James L. Gooding

Curator's Comments

Jim Gooding
NASA/JSC

Moon Rocks, Mars Rocks, and the Court of Public Opinion

I recently enjoyed refreshing my awareness of what planetary rocks mean to the lay public using a substantial sample of Houston, Texas, as my teachers. My opportunity came when I served as a NASA exhibitor for the Education and Career Day, on February 15, 1997, sponsored by the Houston Hispanic Forum, at the George R. Brown Convention Center. In that role, I talked all day with some of the 13,000 intermediate and high school students, along with their families and mentors, using as conversation pieces an Apollo 15 regolith breccia, and a chunk of Martian meteorite EETA79001 - each separately protected in a standard display container. The teenage students were too young to know about Project Apollo, except from history lessons, although many of them remembered recent publicity about the life-on-Mars debate involving Martian meteorites.

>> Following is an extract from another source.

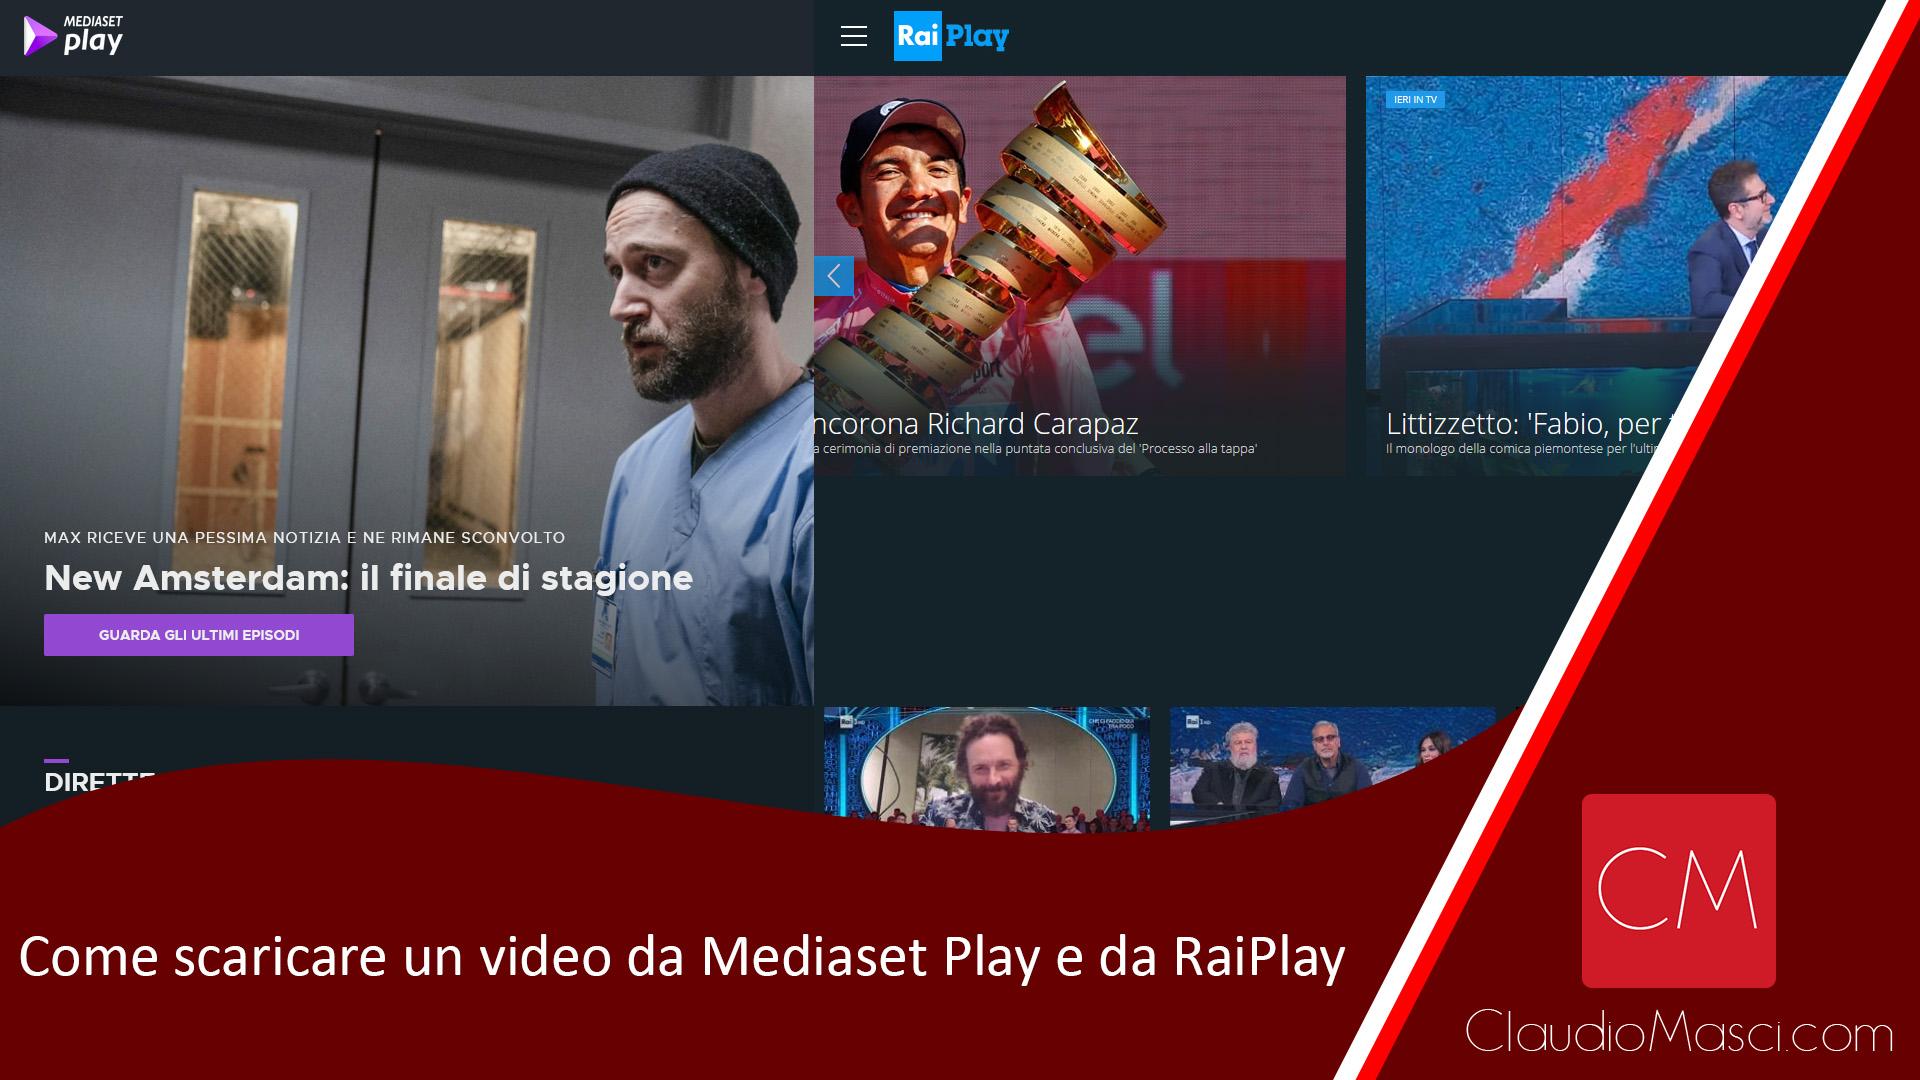 Come scaricare un video da Mediaset Play e da RaiPlay

I can summarize my experiences (and thoughts) from that day as follows:

Just as many people were interested in the Moon rock as the Mars rock. (I perceived a general fascination that fellow human beings collected the Moon rock at substantial risk whereas the Mars rock fell to Earth for free. The risks taken by the Antarctic meteorite search teams seemed not to register at the same scale as those of the Apollo astronauts.)

Everyone who bothered to talk about rocks wanted to know exactly why we believed the Mars meteorite was from Mars. (These very intelligent people were not prepared to simply "take our word for it" because we think we are big-time scientists. They wanted to know why we thought we knew what we claim to know. And some of the probing questions were as sharp as I have encountered anywhere.)

Some people believed incorrectly that we already had been to Mars to collect samples. (Apparently, some of our computer-generated art work of imaginary future missions is difficult to tell from photographs of reality. We must be smarter in using our tools if we want to successfully communicate with the public.)

No one expressed any fear about the presence of Martian rocks on Earth. (I was pleasantly surprised to find that nearly everyone immediately recognized that our display cases were meant to protect the rocks - not the people. This is in contrast to the "Andromeda Strain" mentality that some of us tend to assume with regard to public reaction about Mars sample-return missions.)

Many people wanted to know when we would return to the Moon and when we would send people to Mars. (No one expressed the opinion that space exploration was a waste of money or time. Maybe I got a little lucky on this point; certainly, I have encountered our critics elsewhere.)

My experience was a valuable one that I would like to renew more often. And I encourage every Principal Investigator or sample researcher to do likewise. Only by finding out what our public customers really think about our work will we have a better appreciation of what our work is truly worth.